CLIP – SGI 2022

By Tiago De Souza Fernandes, Bryan Dumond, Daniel Scrivener and Vivien van Veldhuizen

If you have been keeping up with some of the recent developments in artificial intelligence, you might have seen AI models that can generate images from a text-based description, such as CLIP or DALL·E. These models are able to generate completely new images from just a single text-prompt (see for example this twitter account). Models such as CLIP and DALL·E operate by embedding text and images in the same vector space, which makes it possible to frame the image synthesis as an optimization problem, ie: find an image that, when processed by a neural network, yields an embedding similar to a corresponding text embedding. A problem with this setup, however, is that it is severely underconstrained: there are many such images and some of them are not very interesting from the perspective of a human. To circumvent this issue, previous research has focused on incorporating priors into this optimization.

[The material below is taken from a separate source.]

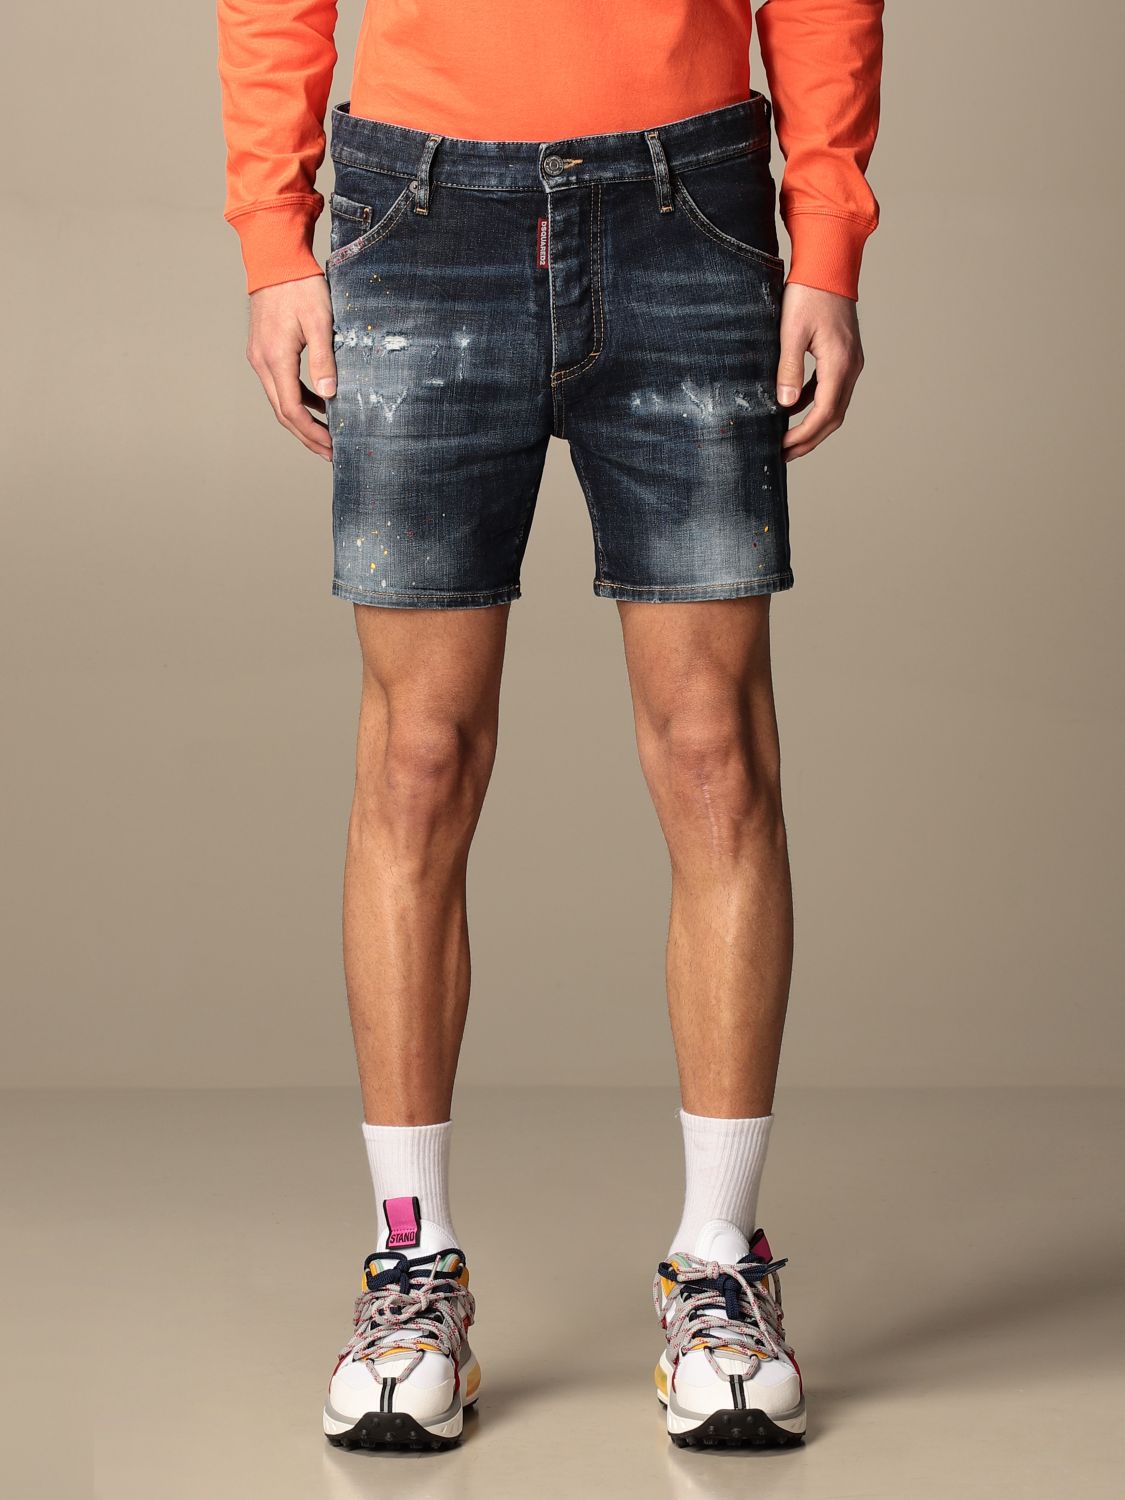 Dsquared2 denim shorts in used denim with tears

Over the last few weeks, our team, under the supervision of Matheus Gadelha from Adobe Research, looked into a specific instance of such constraints: namely, what would happen if the images could only be formed through a simple assembly of geometric primitives (spheres, cuboids, planes, etc)?

An Overview of the Optimization Problem

The ability to unite text and images in the same vector space through neural networks like CLIP lends itself to an intuitive formulation of the problem we’d like to solve: What image comprising a set of geometric primitives is most similar to a given text prompt?

We’ll represent CLIP’s mapping between images/text and vectors as a function, $\phi$. Since CLIP represents text and images alike as n-dimensional vectors, we can measure their similarity in terms of the angle between the two vectors. Assuming that the vectors it generates are normalized, the cosine of the angle between them is simply the dot product $\langle \phi(Image), \phi(Text) \rangle$. Minimizing this quantity with respect to the image generated from our geometric primitive of choice should yield a locally optimal solution: something that more closely approximates the desired text prompt than its neighbors.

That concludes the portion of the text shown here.